▶ _The records_
━━━━━━━━━━━━━━━━━━━━━━━━━━━━━━

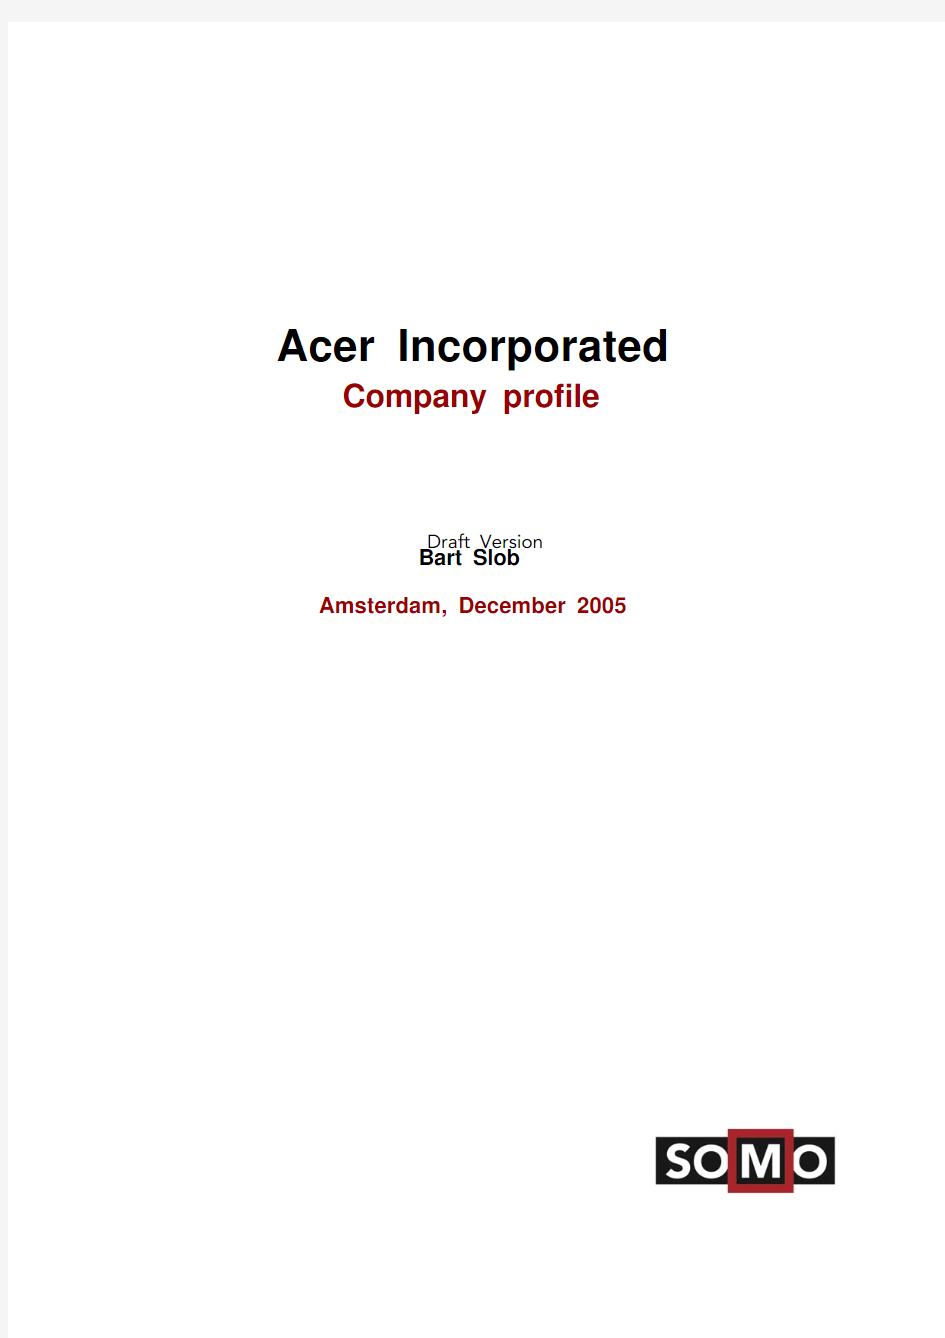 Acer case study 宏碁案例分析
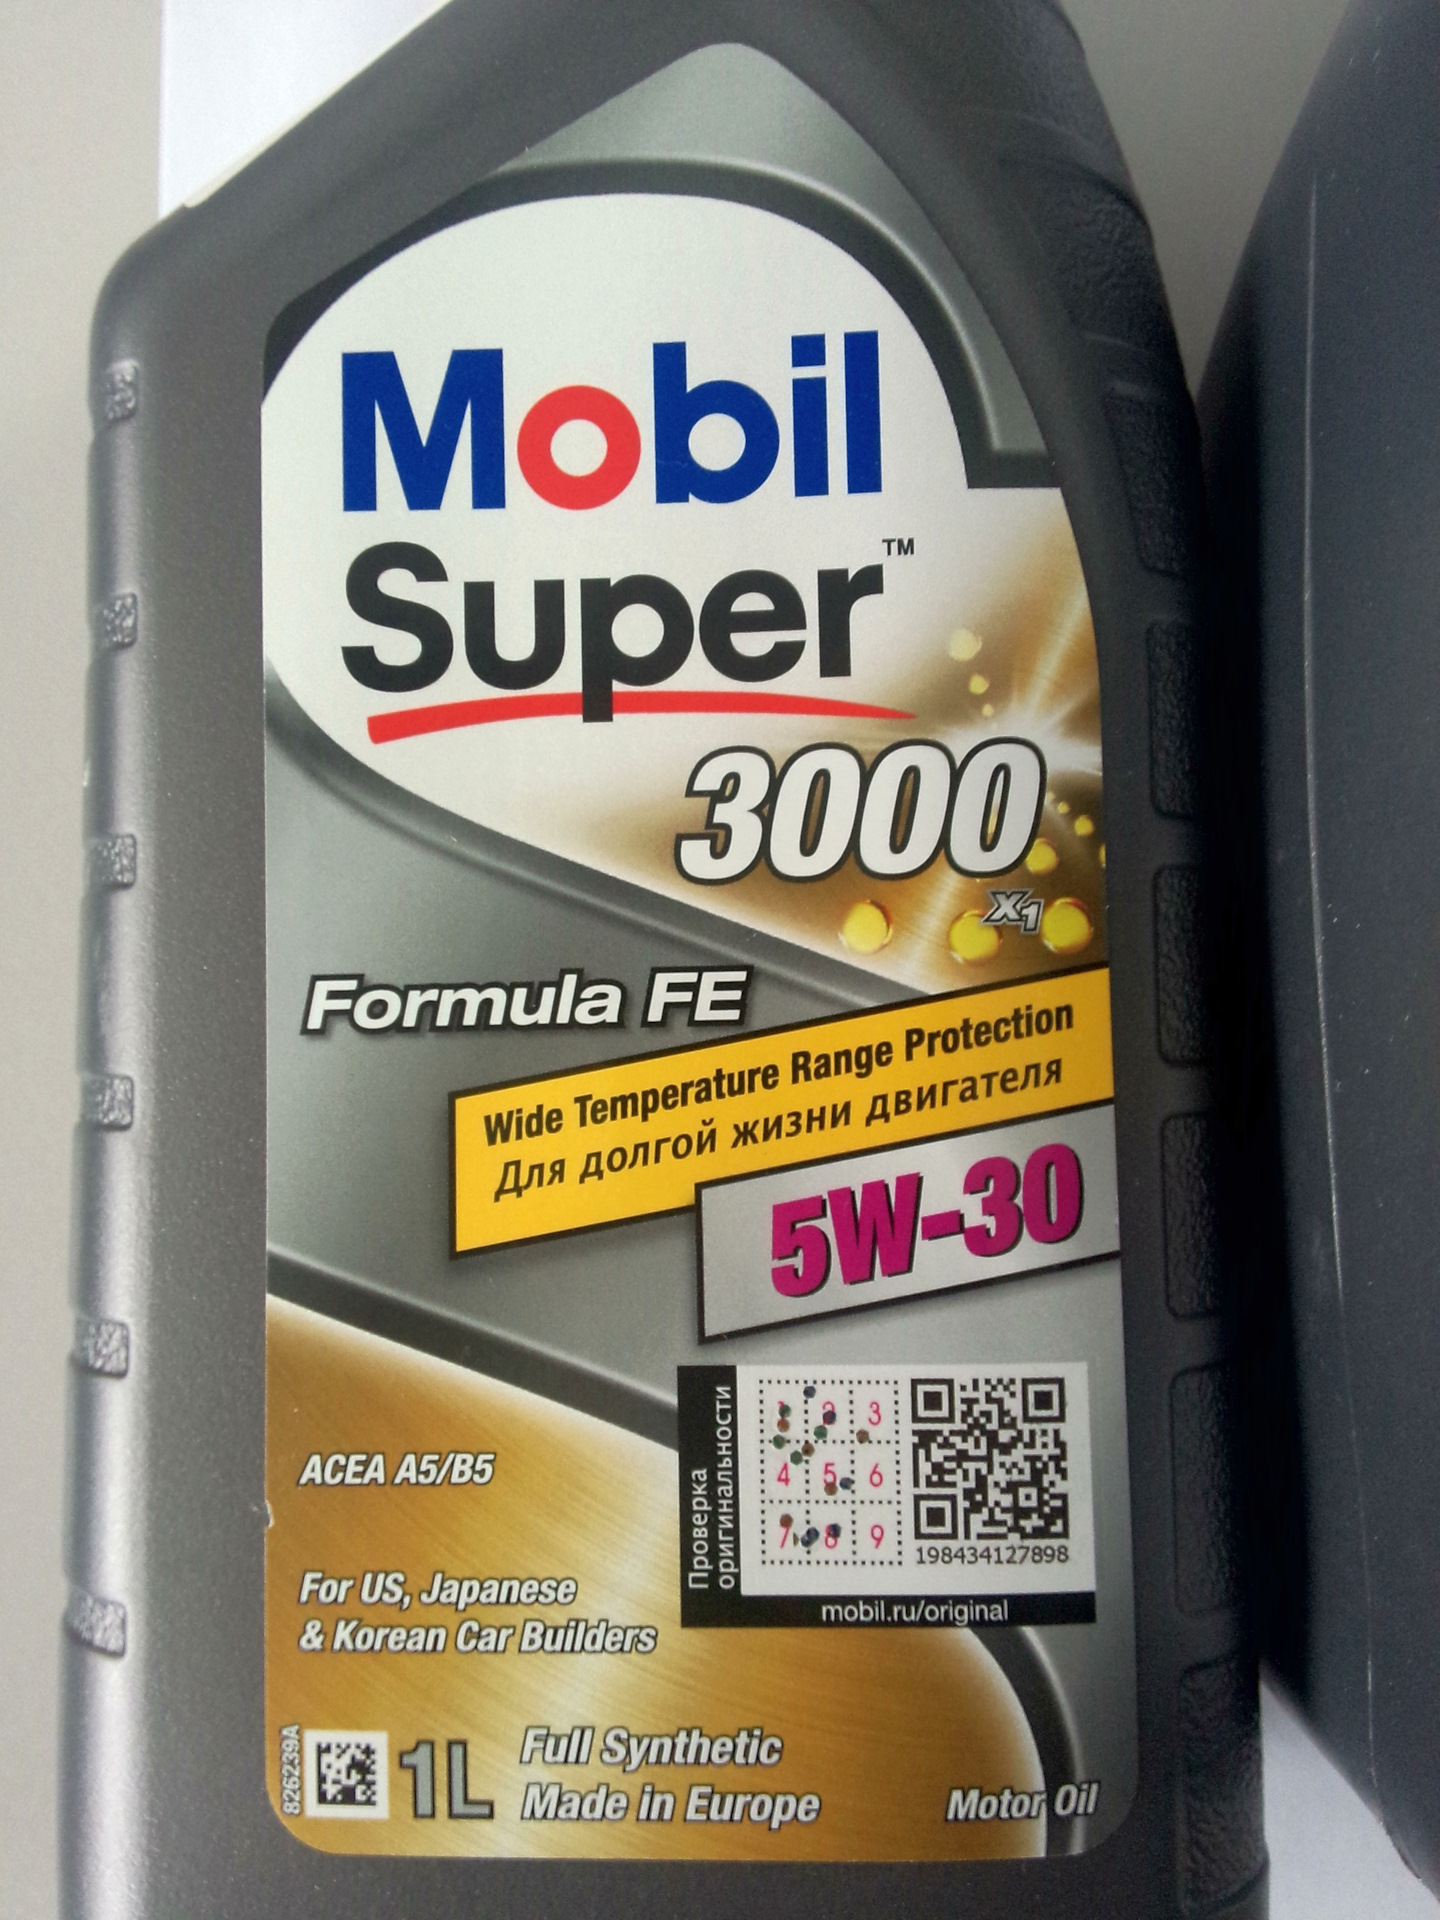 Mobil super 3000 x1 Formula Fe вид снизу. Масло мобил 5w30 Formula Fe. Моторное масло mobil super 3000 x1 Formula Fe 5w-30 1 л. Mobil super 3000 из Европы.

━━━━━━━━━━━━━━━━━━━━━━━━━━━━━━

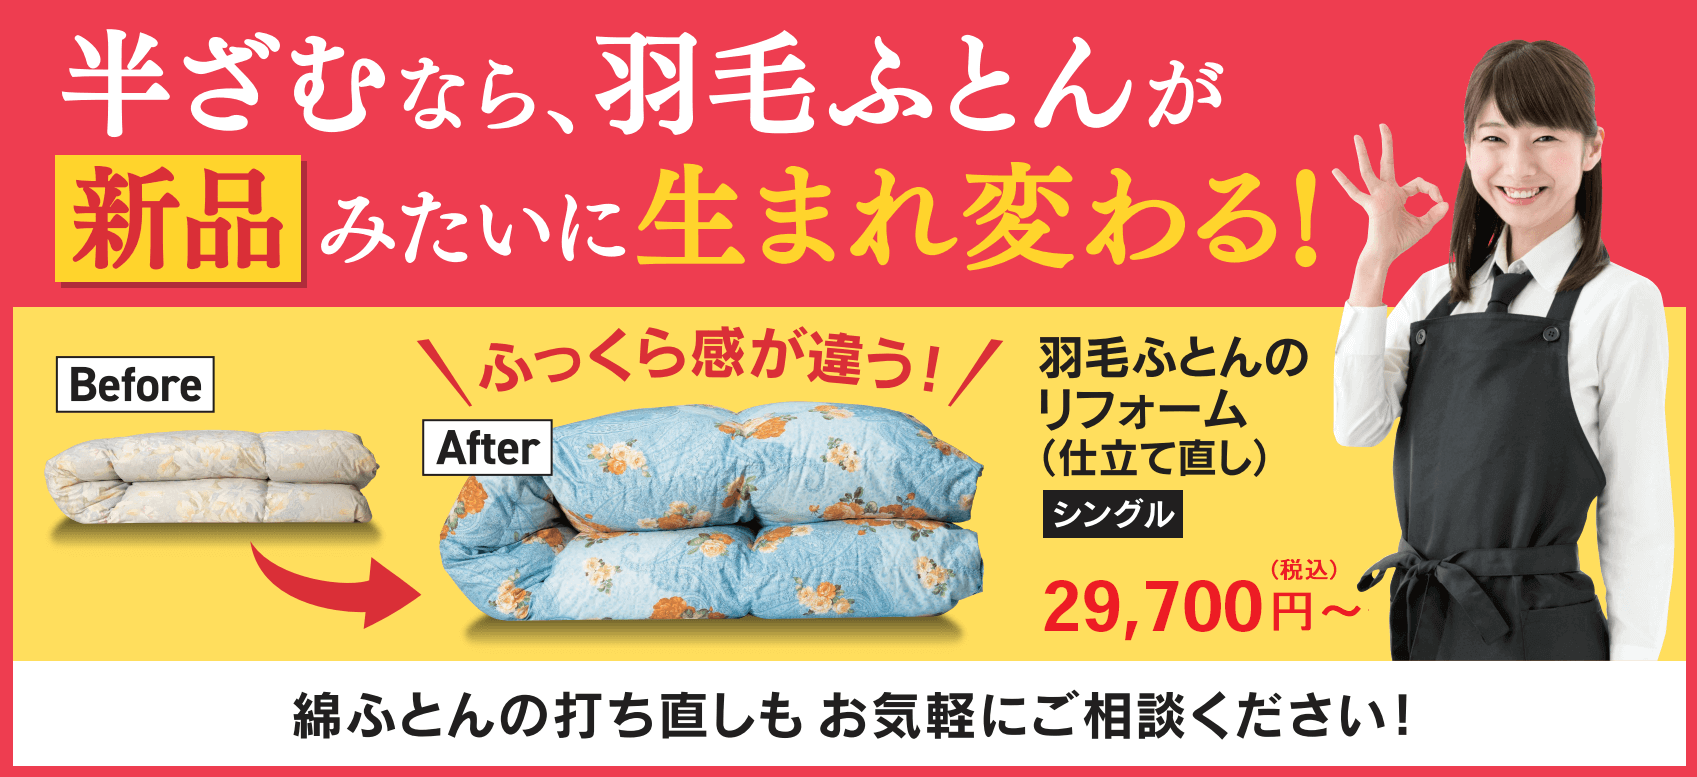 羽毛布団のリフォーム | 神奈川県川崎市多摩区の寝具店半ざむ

━━━━━━━━━━━━━━━━━━━━━━━━━━━━━━

▶ _What is required_
Start at the line containing "Acer case study 宏碁案例分析" above and stop at the line containing "Mobil super 3000 x1 Formula Fe вид". Output those lines exactly, both included, but none of the pictures.

▶ _Solution to the problem_
 Acer case study 宏碁案例分析
 Mobil super 3000 x1 Formula Fe вид снизу. Масло мобил 5w30 Formula Fe. Моторное масло mobil super 3000 x1 Formula Fe 5w-30 1 л. Mobil super 3000 из Европы.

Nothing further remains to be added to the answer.